Finally, we know that $y$ is a one-hot encoded vector, $y_i$ is zero everywhere except at the correct class, so the sum collapses to:

\boxed{\frac{\partial L}{\partial x_i} = \text{softmax}(x)_i - y_i}

Evaluating Gradients: Numerical Gradient Checking

While we’ve derived the gradients for common operations, it’s crucial to validate our implementations. One way to do this is by comparing the analytical gradients with numerical approximations. Numerical gradient checking is a technique to verify the correctness of our gradients by approximating them using finite differences.

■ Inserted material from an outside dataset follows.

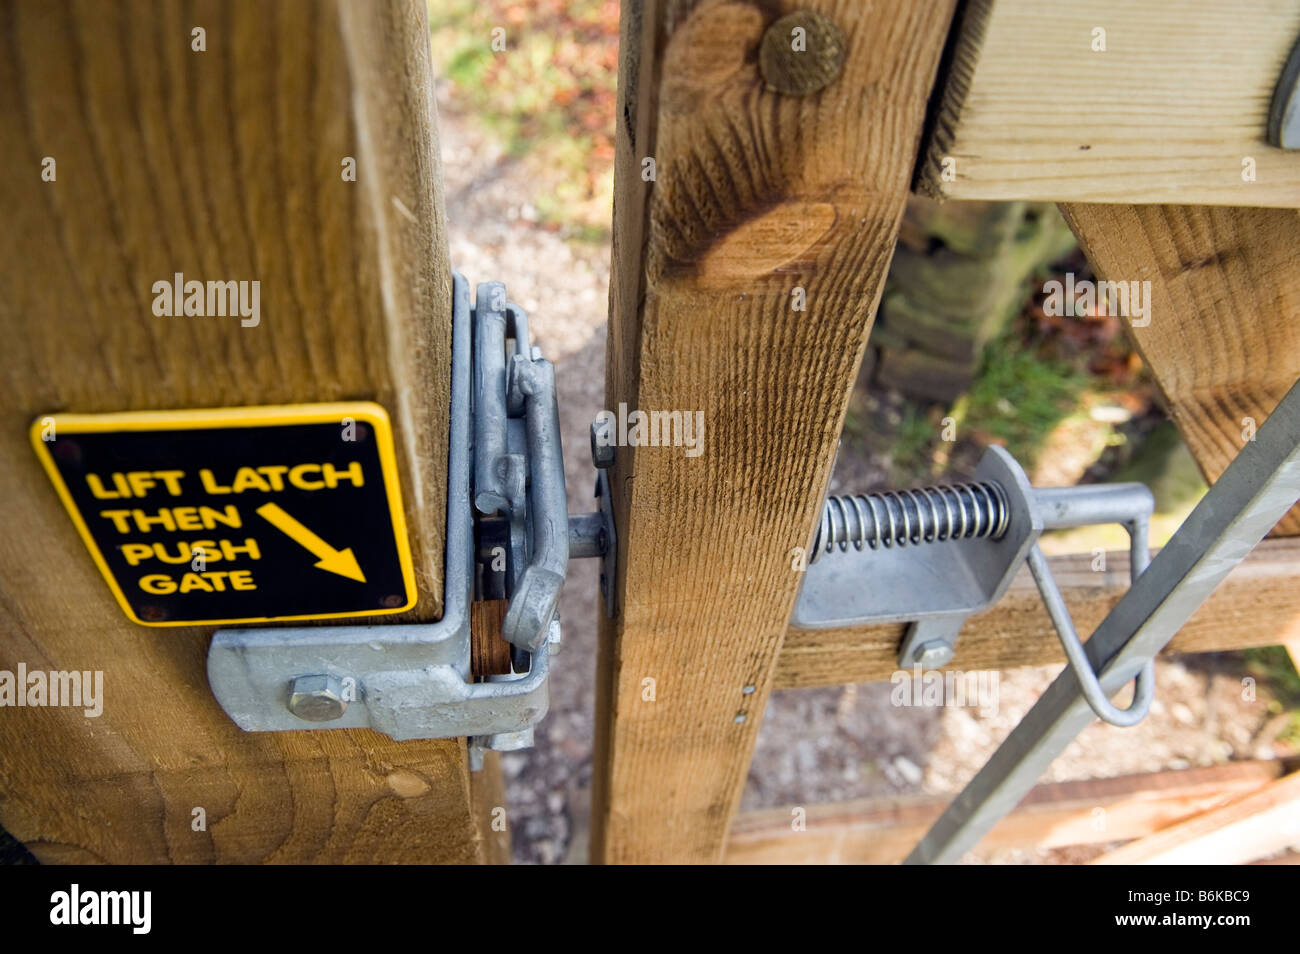 Latch on a wooden two way opening gate Stock Photo
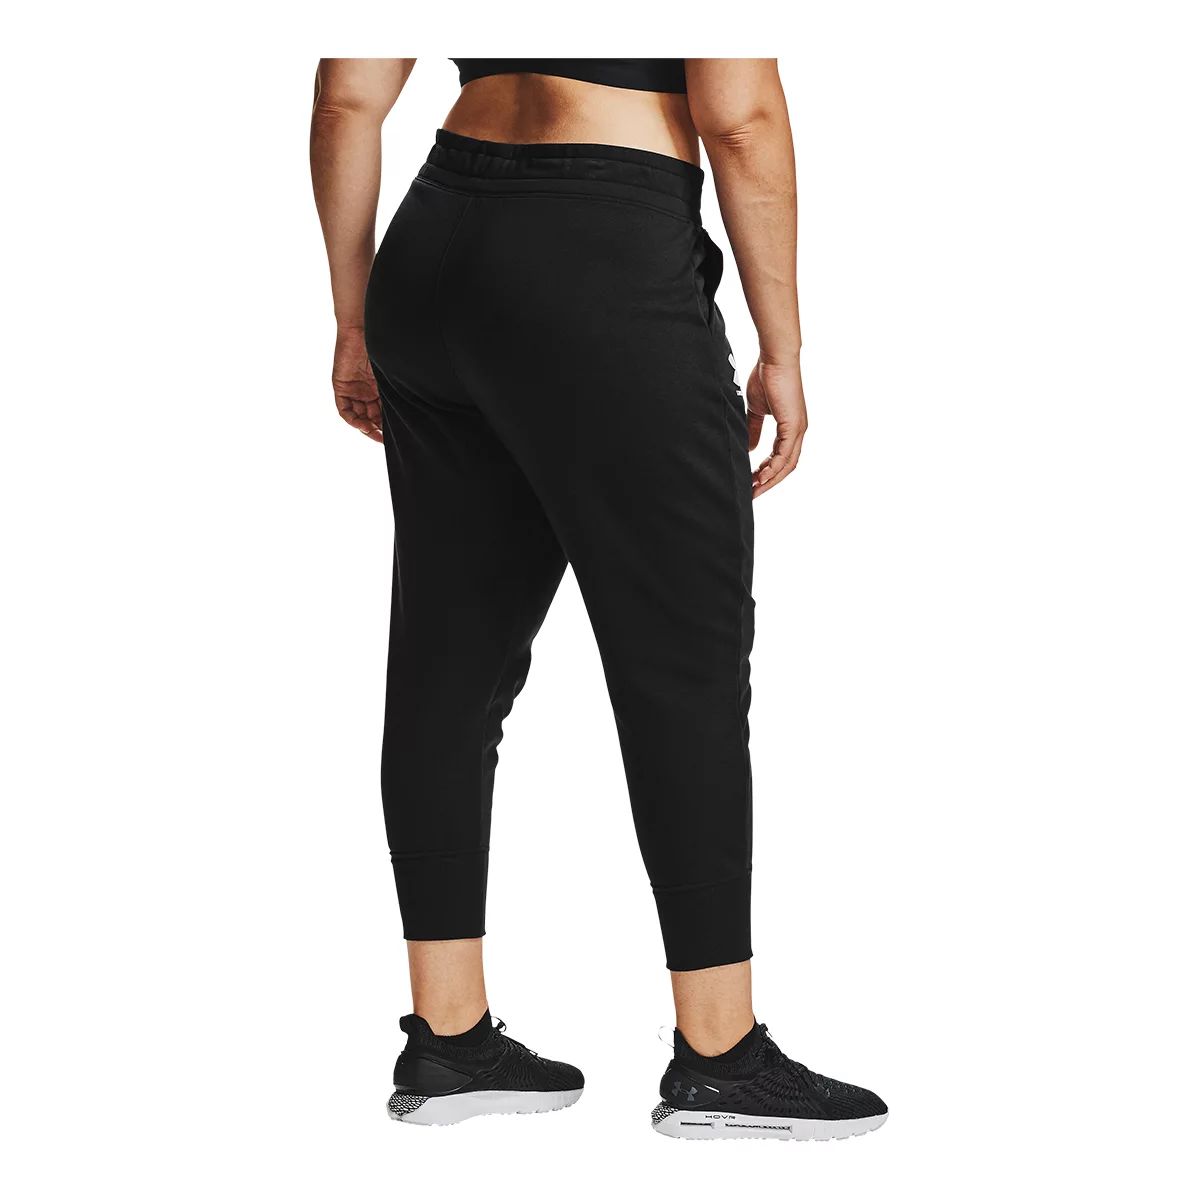 https://media-www.atmosphere.ca/product/div-03-softgoods/dpt-70-athletic-clothing/sdpt-02-womens/333463419/ua-w-plus-rival-jogger-q321-black-1x--16951fdd-b76b-42d1-bd6c-77a21e483c9d-jpgrendition.jpg?imdensity=1&imwidth=1244&impolicy=mZoom

The central difference formula approximates the gradient of a function $f$ at a point $x$ by evaluating the function at two nearby points $x + \epsilon$ and $x - \epsilon$ :

\frac{\partial f}{\partial x} \approx \frac{f(x + \epsilon) - f(x - \epsilon)}{2\epsilon}

By comparing the analytical gradients with numerical approximations, we can catch errors in our implementations and ensure that our models are learning correctly.

Here’s a simple implementation of gradient checking for any layer implementing the Layer protocol (which you’ll see in the next section):

import torch
from activations import ReLU, SigmoidLayer, SoftmaxLayer, TanhLayer
from layers import Layer, Linear


def eval_numerical_gradients(
    layer: Layer,
    x: torch.Tensor,
    epsilon: float = 1e-6,
    tolerance: float = 1e-5,
):
    print(f"Evaluating grads for: {type(layer).__name__}")
    # Store original parameters
    original_params = [p.data.clone() for p in layer.parameters()]

    # Compute the analytical gradients
    output = layer.forward(x)
    dout = torch.rand_like(output)
    dx = layer.backward(dout)

    analytical_grads = [
        p.grad.data.clone() for p in layer.parameters() if p.grad is not None
    ]
    analytical_input_grad = dx.clone()

    # Compute numerical gradients
    numerical_grads = []
    for i, params in enumerate(layer.parameters()):
        param_grad = torch.zeros_like(params)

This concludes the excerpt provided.